Launched in 2022, the Vida Sana y Completa diabetes prevention study supports Spanish-speaking Latinas with yearlong coaching. Wei-ting Chen (second from right), executive director in the Office of Community Engagement, and Rakhi Singh (right), medical director at Fair Oaks Health Center, accepted the award. | David Gonzales
Food for Health Equity Lab and San Mateo Medical Center: Vida Sana y Completa Study
Launched in 2022 by School of Medicine researchers in the Food for Health Equity Lab, the Vida Sana y Completa diabetes prevention study connects Spanish-speaking Latinas from East Palo Alto and Redwood City to 12 months of coaching, nutrition education, and peer support at Fair Oaks Health Center. More than 400 participants to date have received groceries, health coaching, and social service referrals, and reported improved food security and greater confidence in accessing food resources.
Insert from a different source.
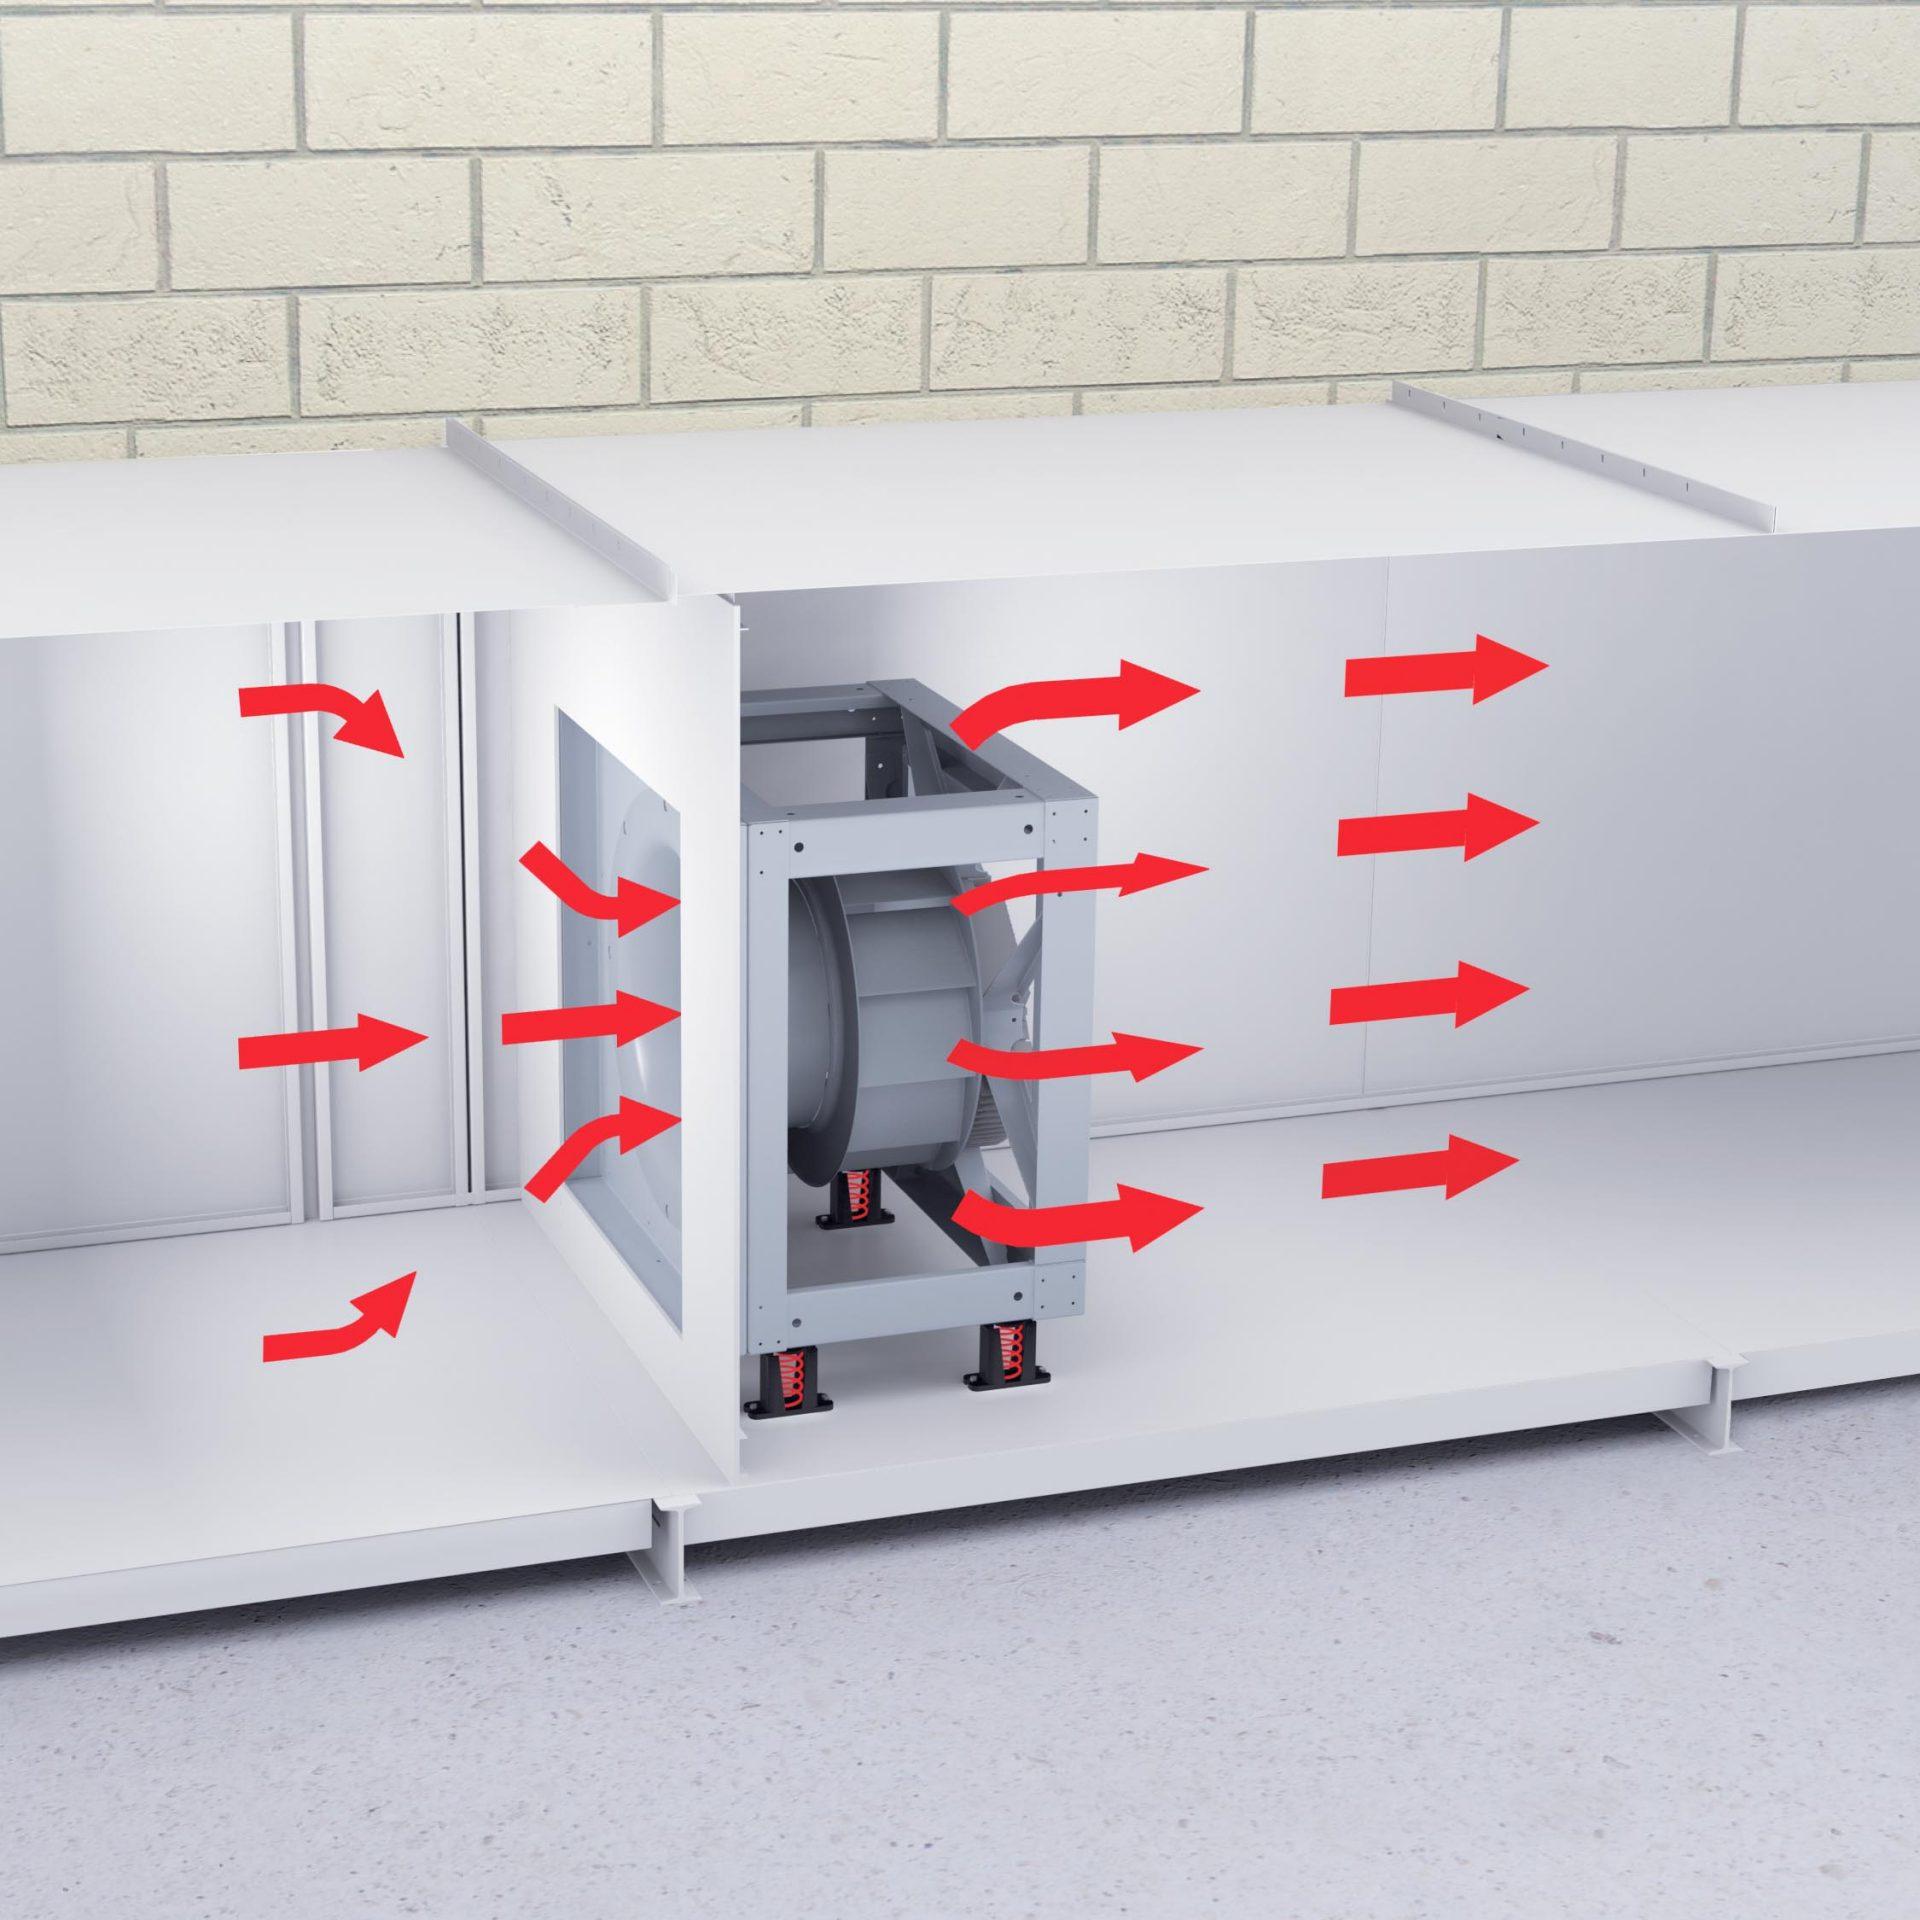 ECLFN Plenum (Airflow)

Since 2021, Stanford GSE and Santa Clara USD partner to support diverse learners via paraeducator training, teacher coaching, placements, and tutoring. Stanford GSE’s Chris Lemons (fifth from left) and Kathie Kanavel (fourth from right), assistant superintendent of educational services, accepted the award. | David Gonzales
Santa Clara Unified-Stanford Research Practice Learning Partnership
Since 2021, the Graduate School of Education and Santa Clara Unified School District have worked together to improve outcomes for students with diverse learning needs through initiatives such as professional training for paraeducators, coaching for teachers, Stanford Teacher Education Program placements, and peer tutoring.
“Our awardees are difference-makers who channel their commitment, passion, and optimism into collaborative solutions to work to overcome some of our communities’ more vexing challenges,” said Patrick H. Dunkley, vice provost for institutional equity, access, and community, who presented the partnership awards. “Their vision for the seeds they are planting will reap a harvest for our region, as well as in the individual lives they touch, not just today but for years to come.”